How far can we go on the site of an abandoned coal mine? Some reflections about COP24
By Fang Zhang
Before I came to Katowice to attend COP24, my imagination of the city was dark and dirty because it is a small city sitting on an old coal mine. When I arrived in Katowice, the beauty that has rejuvenated from the past indeed surprised me. The city is clean, pretty, and quiet, where you cannot imagine that coal mining had even existed. However, a country which has a long history and relationship with coal, coal is deeply connected to its culture. The first dinner that I had there was in a restaurant where all the decorations were modeled or marked with signs of coal history. The mix of the strong tracks of the coal culture and the progress of the phase-out of coal, mimics the compliance of the low-carbon transition.
As a person who attended the COP for the first time, I was super excited about the negotiation process and the side events, especially in the early days. Fortunately, there were a few negotiation rooms that were open to the public, though most negotiation events were closed-door. I, however, quickly got tired and lost my passion after attending three negotiation sessions. Most of the time, delegates were just there to present their ideas or shout out their demands for others but were unwilling to lay out their own concrete action plan. Surprisingly, some of them seemed to lack the knowledge to deal with the global stocktake, especially the technical aspects, partially due to the complexity of the issue, and therefore made the negotiation process unnecessarily slow and ineffective. My initial curiosity quickly faded during the long and boring negotiation process as I began to understand how difficult the climate change negotiations could be, given the time limitations.
What excited me during my stay in Katowice is the strong message from sources that there are dramatic success stories of coal plants declining in most of the world and how the capacity of renewable energy is rapidly accelerating. Renewables in China, India, Chile, and Mexico are booming. The EU committed to having renewables account for 32 percent of their energy use by 2030. Though the U.S. federal government drags its feet on the climate change issue, solar and wind power are now cheaper than fossil fuels, and an increasing number of private entities are motivated to take action.

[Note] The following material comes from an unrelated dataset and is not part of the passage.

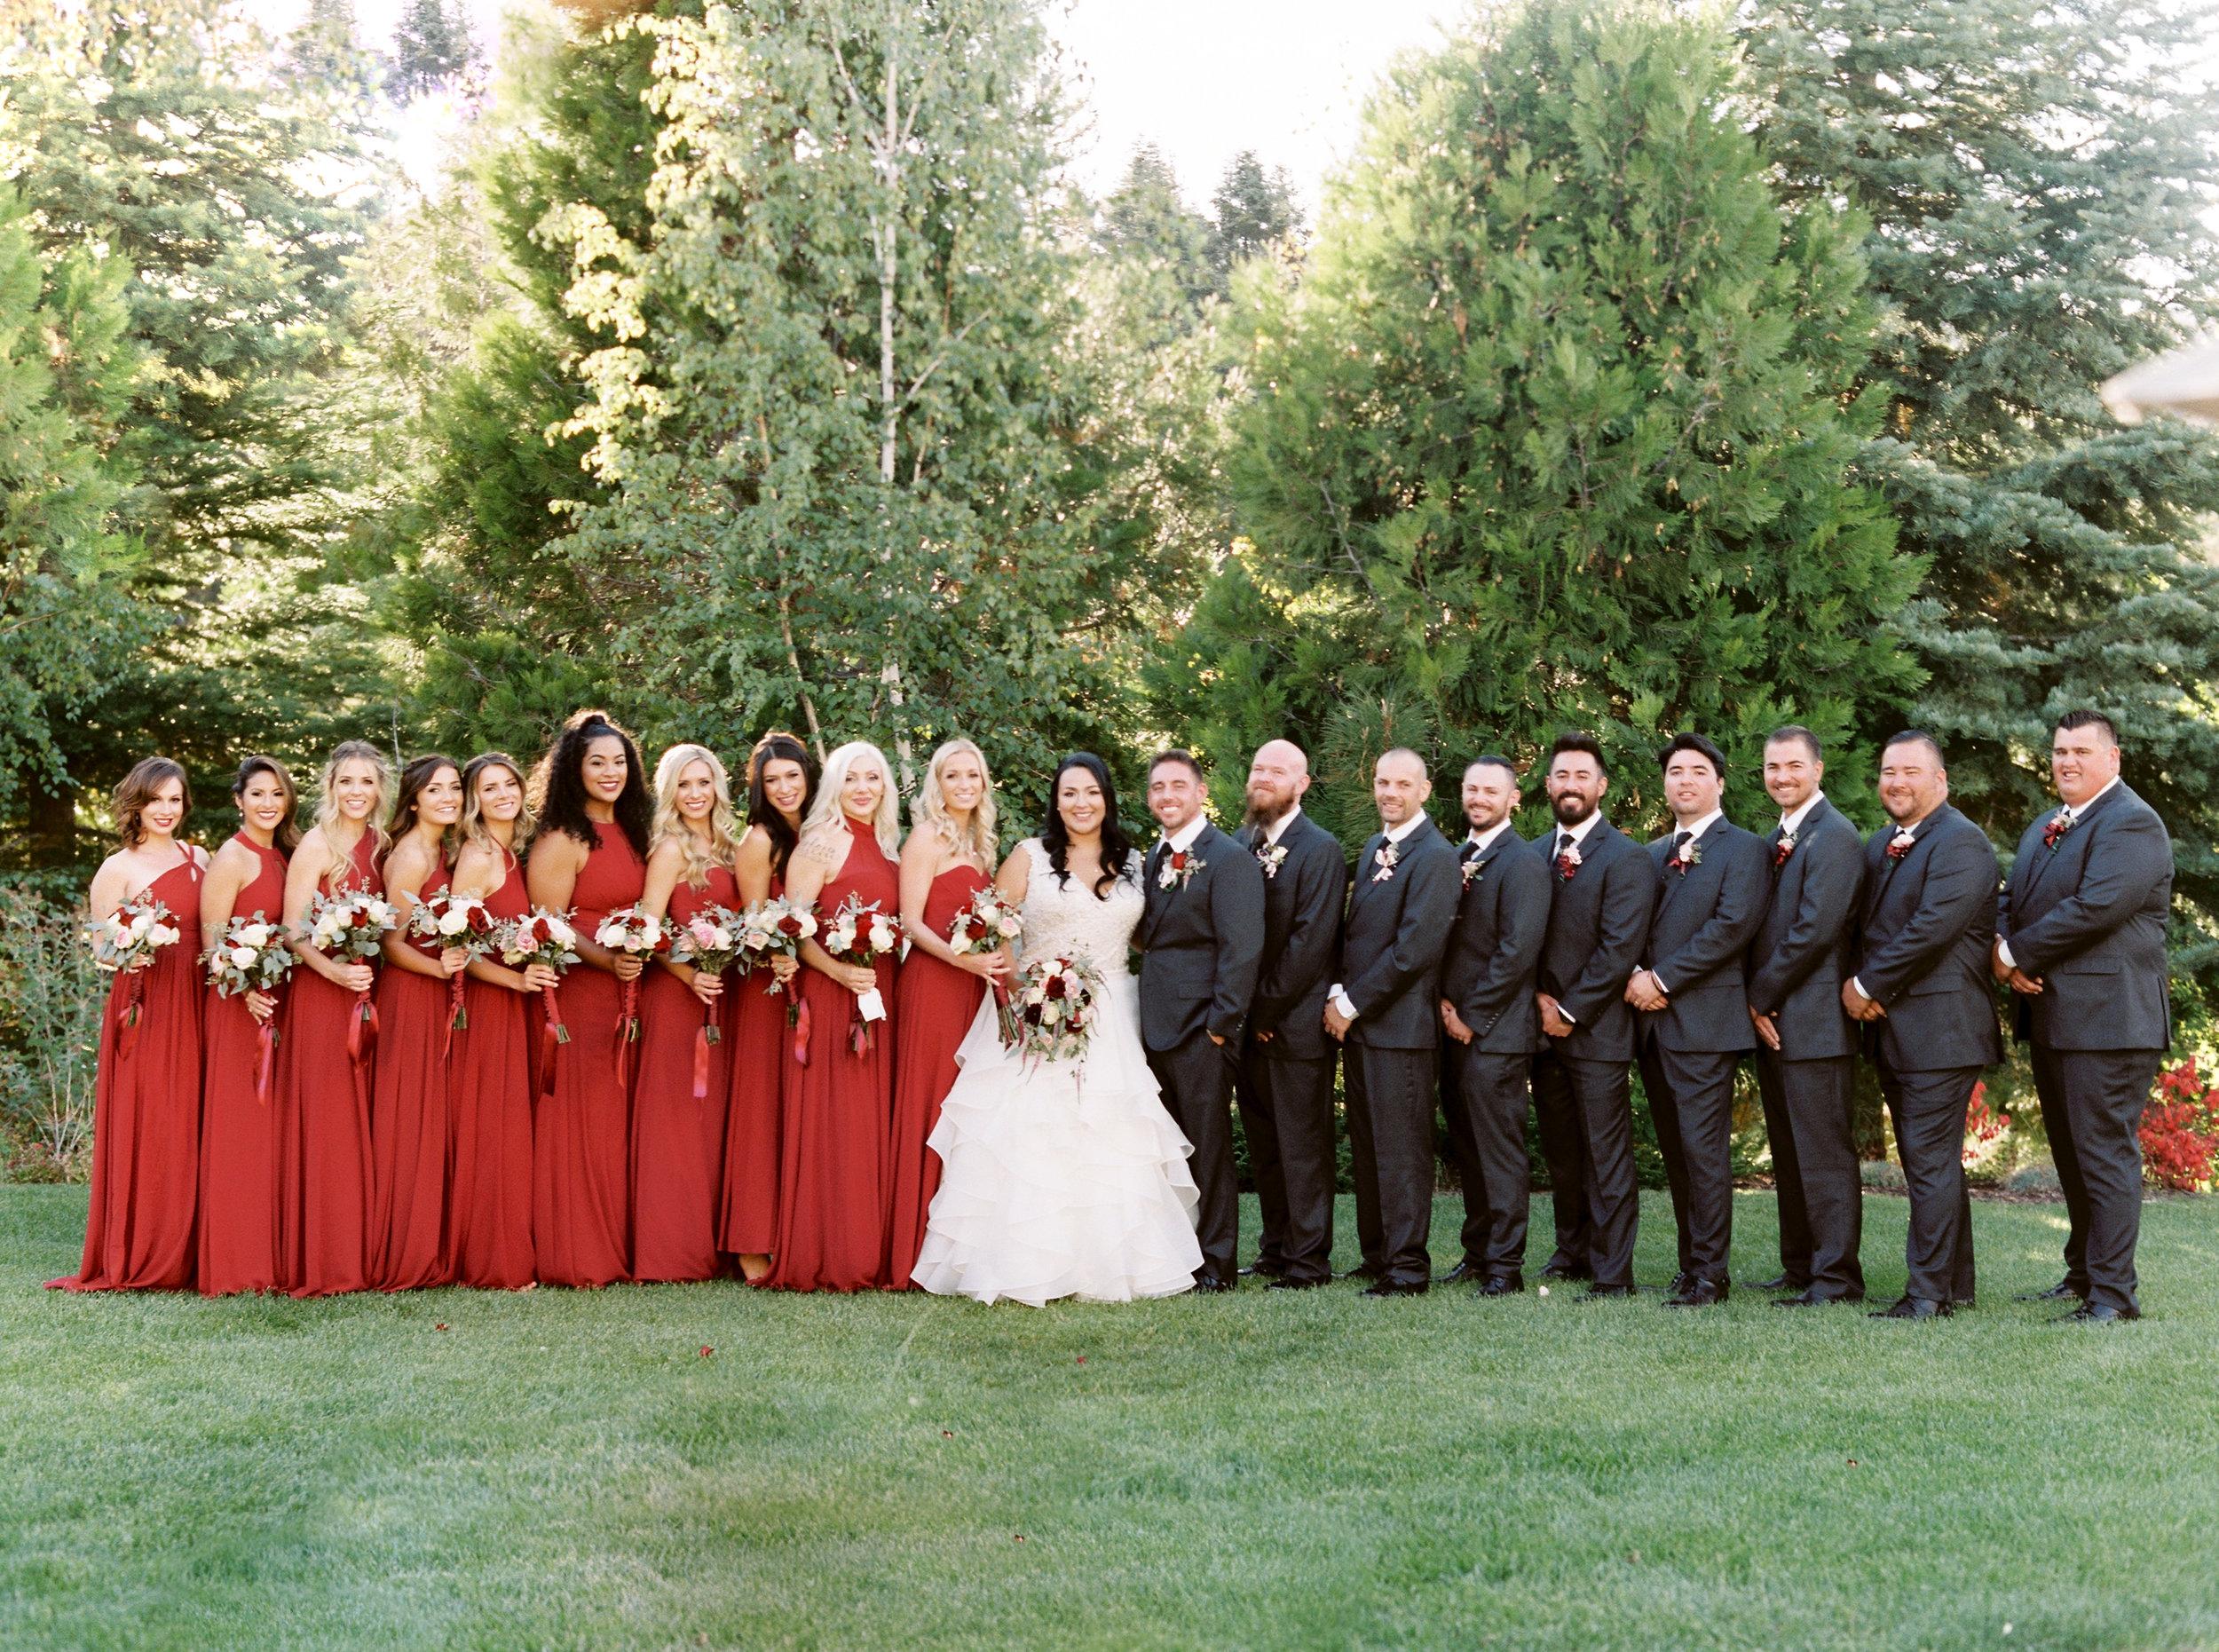 Tenaya-lodge-wedding-at-yosemite-national-park-california-84.jpg

For instance, the U.S. utility company Xcel Energy has committed to producing 100% carbon-free electricity by 2050. However, compared with the astonishing achievement of renewables; energy efficient technologies, adaptation technologies, and others that are required by deep decarbonization have proceeded much slower. Surprisingly, conversations on other technology fields are marginalized during the conversations at COP24 given that only a few side events focused on them.
My CIERP colleague, Mr. Rishikesh Bhandary, and I attended the “Building Resilient Economies by Improving Climate Risk Financing and Investments” event at the Japanese Pavilion, where he provided a briefing on our joint research on green finance. Our point that only information disclosure is not sufficient enough for green finance was echoed by the panelists and as well as the audience. To mobilize more green finance to support climate change action, we need other types of policies, such as financial or fiscal policy, and greater coordination among them too. In our assessment of direct lending policies, we also find that much of the scholarly literature focuses on companies as the unit of analysis. We are calling for more thinking about the risk profiles of cities, other sub-national actors, and other various jurisdictions, and the nature of finance they have access to.
During COP24, President Trump sent out several rounds of Twitter attacks on combating climate change, but they have been surprisingly neglected by delegates and no one seems to be bothered by him in at the COP. As the climate talks went on, however, France’s “Yellow Vest” movement cast a pessimistic shadow on COP24 that government-led climate action can be tenuous in any country, even in a country where the most optimistic Paris Agreement was reached. When people talked about this demonstration and the French President’s final decision to give up his planned increase in fuel taxes, I could tell the pessimistic tone and deep disappointment behind them. Some people also reminded me, though, that anti-climate change is just a scapegoat. What protests are really against is social inequality rather than climate change actions, which reminds the importance of other issues when we are working on climate change.